The Daily Show clip reveals the dilemma facing religious conservatives (not just Christians). In a culture that does not see the Bible as authoritative, you’ve got to base advocacy of social legislation on something other than Scripture. So far the conservative Christians have not made a convincing case that permitting gay couples to marry would cause measurable harm to others. If they are going to continue to fight this battle (and that is a big “if”) they’re going to have to win over the minds of a very diverse American population with arguments outside Leviticus.

But that raises another question: Should conservative Christians fight to oppose ssm? Bob Hyatt, a pastor in Portland and a regular contributor to Out of Ur, wrote a very interesting post calling for a compromise on the issue. Drawing from his experience ministering in the Netherlands, he believes the state should get out of the “marriage business” altogether. He writes:

[The state] should recognize that as long as it uses that term and continues to privilege certain types of relationships over others this issue is going to divide us as a nation and is only going to become more and more contentious. We need to move towards the system used in many European countries, where the state issues nothing but civil unions to anyone who wants them, and those who desire it may seek a marriage from the church. When I pastored in the Netherlands, couples got a civil union certificate at the courthouse and then had a marriage ceremony at the church. This division largely negated the culture war aspect, and allowed those churches who objected to same sex marriage on biblical grounds not only to opt out, but to be able to continue to teach their biblical view of marriage unchallenged by the state.

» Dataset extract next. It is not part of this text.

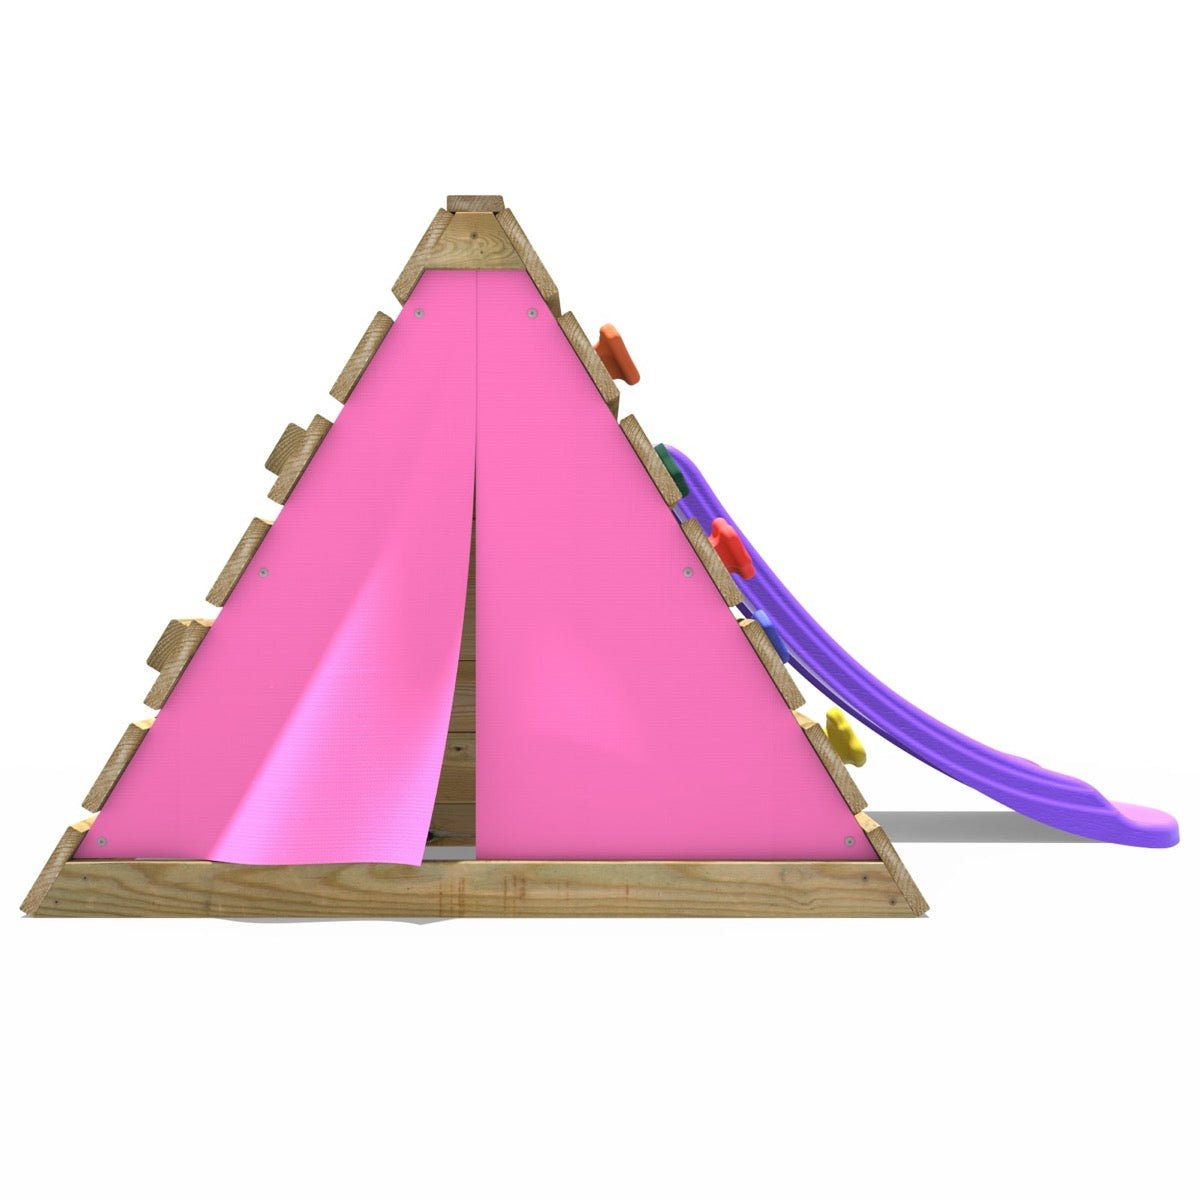 Rebo Mini Wooden Climbing Pyramid Adventure Playset + Slide - Pink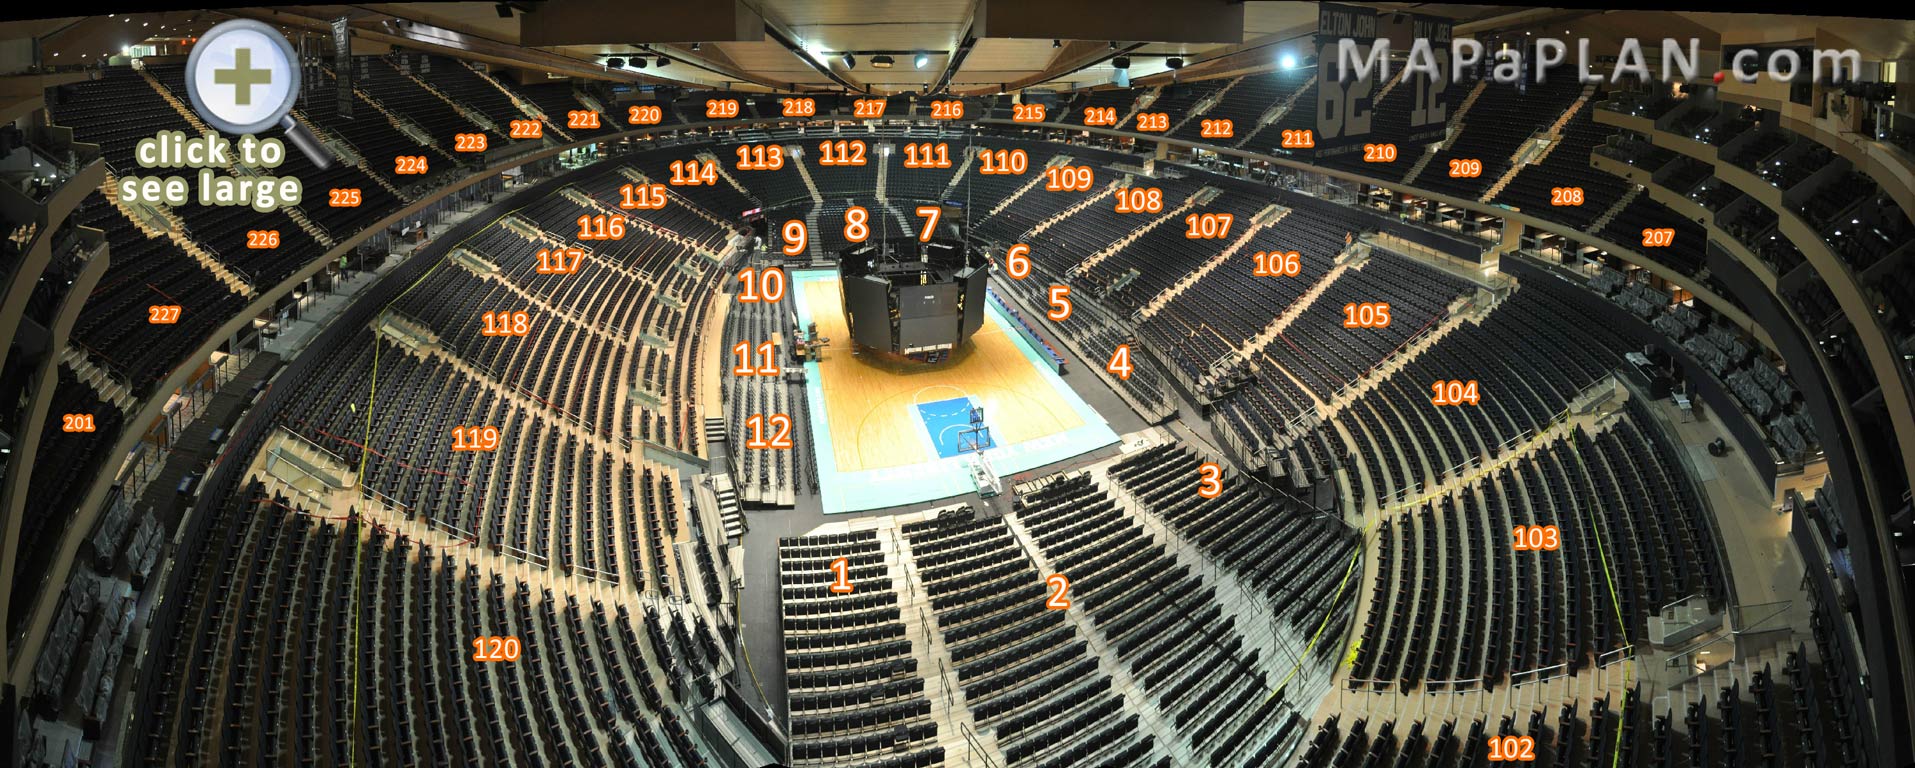 Madison Square Garden Virtual Seating Chart

Hyatt’s live-and-let-live approach will probably be seen as completely unacceptable to cultural crusaders, but might be appealing to those who fear the state may force churches to perform same sex marriages or risk losing their tax-exempt status. Interestingly, response to Hyatt’s blog post has been fairly positive with a number of pastors believing this may be the best solution for the church.

Here are three final thoughts that seem to be missing from most conversations about ssm that I’ve encountered:

1. I wonder if the energy and zeal around this issue for some conservative Christians is fueled by the realization that the church has lost its position as chaplain to the culture. In the Constantinian era, the church was very close to the state (even in officially secular states) and helped define morality for both government and society. It had a privileged position, set the agenda, and was widely respected. In the position of chaplain, the church’s definition of marriage was never questioned.

Now that we are, by most accounts, in a post-Constantinian era in which the church does not serve as a chaplain to the state, for the church to impose it’s definition of marriage provokes protests and accusations of intolerance and bigotry. By not budging on the ssm issue, are some conservatives actually trying to hold on to their chaplaincy dream for the church? Will the war over ssm prove to be the Constantinian church’s Waterloo?

2. A Christian friend of mine who teaches at a law school has traced the current debate about ssm back to the widespread acceptance of no-fault divorce in the 1970s. The precedents set in those cases laid the legal foundations for the redefinition of marriage we are now witnessing. (I don’t have the time or legal expertise to recount his entire lecture, but I assure you it was brilliant.) And even though divorce is strongly opposed in the Bible, conservative Christians did not rise up in opposition to those laws thirty years ago. The argument could be made that as a result of their silence they are now reaping what they’ve sown. Which brings me to the final point.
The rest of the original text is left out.